Геббельс уже понимал, что случилось, и велел Ремеру немедленно приехать к нему. На тот момент он не знал ни кто стоял за покушением, ни каков масштаб заговора. Более того, как человек гражданский, он не мог запретить армейскому офицеру выподнять законный приказ. Это мог сделать только сам Гитлер.
Геббельс встретил Ремера холодно и сообщил ему, что он, очевидно, стал жертвой какой-то «мистификации» со стороны врагов государства. Он рассказал Ремеру, что фюрер живее всех живых, и добавил, что докажет это, позвонив Гитлеру по прямому проводу. Ремер узнает голос своего хозяина! Позже Ремер говорил, что собирался арестовать Геббельса, если лично не услышит голос фюрера. В тот момент он думал не о политике или истории, а о разбирательствах и военных трибуналах.

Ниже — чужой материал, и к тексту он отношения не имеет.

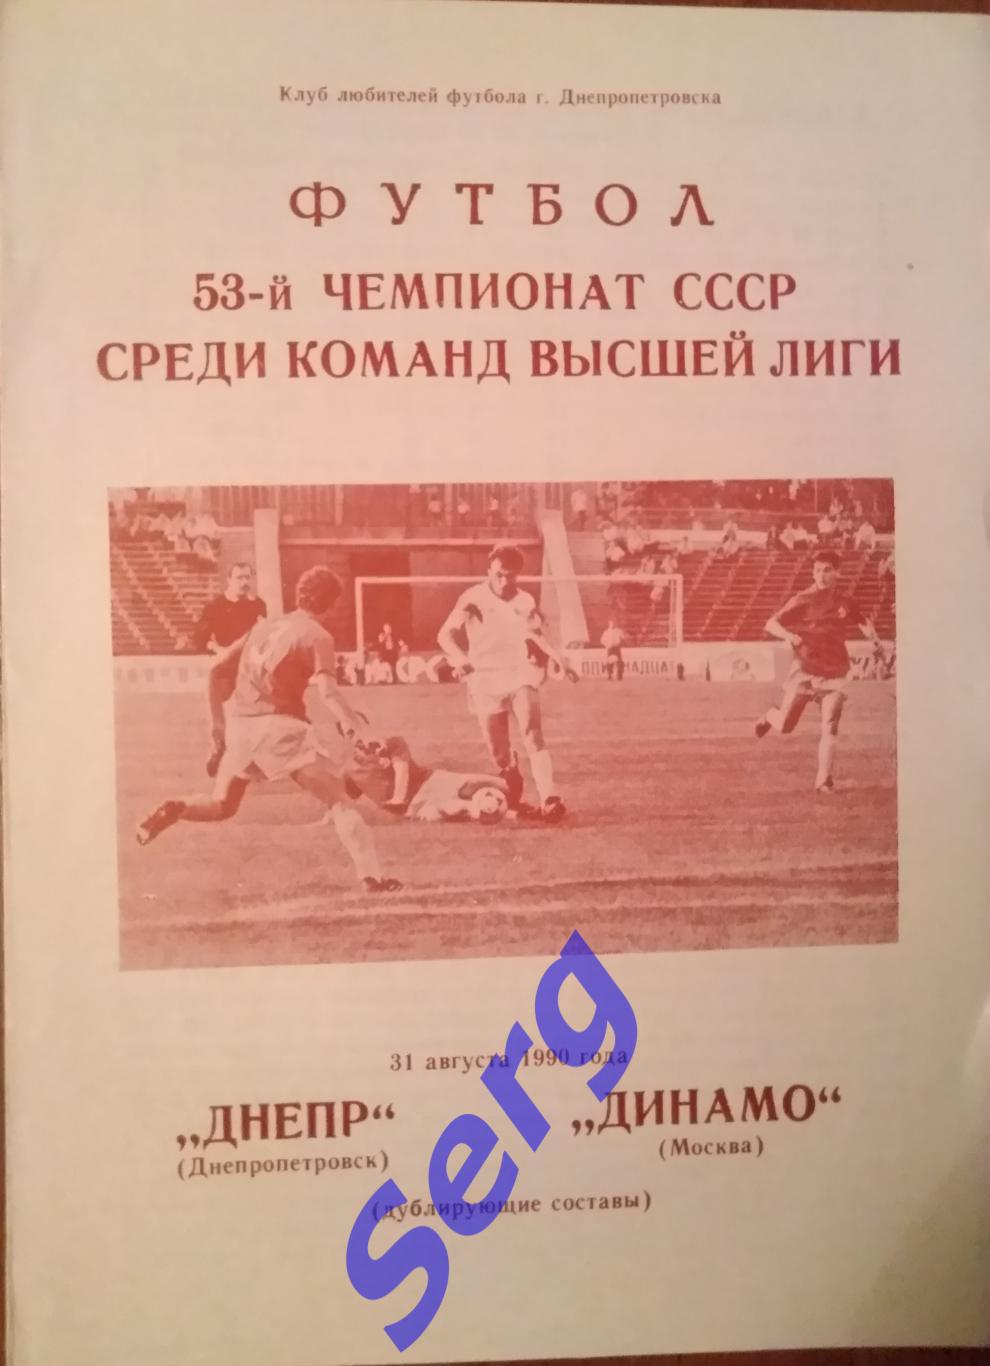 Днепр Днепропетровск - Динамо Москва - 31 августа 1990 год. Дублеры

Гитлер ответил на телефонный звонок. Он в бешенстве приказал Ремеру немедленно избавиться от офицеров из резервной армии и дал этому маленькому майору (которого после этого произвели в ранг генерал-майора) право «пристрелить столько людей, сколько ему захочется».
Ремер сразу же ушел. Он носился на своей машине по шоссе, ведущим в Берлин, и приказывал всем приближавшимся к городу частям остановиться. «Личный приказ фюрера!» — кричал он командирам, которые с удивлением видели обычного майора, который отменял приказы, отданные генералом. Возникали споры и возражения.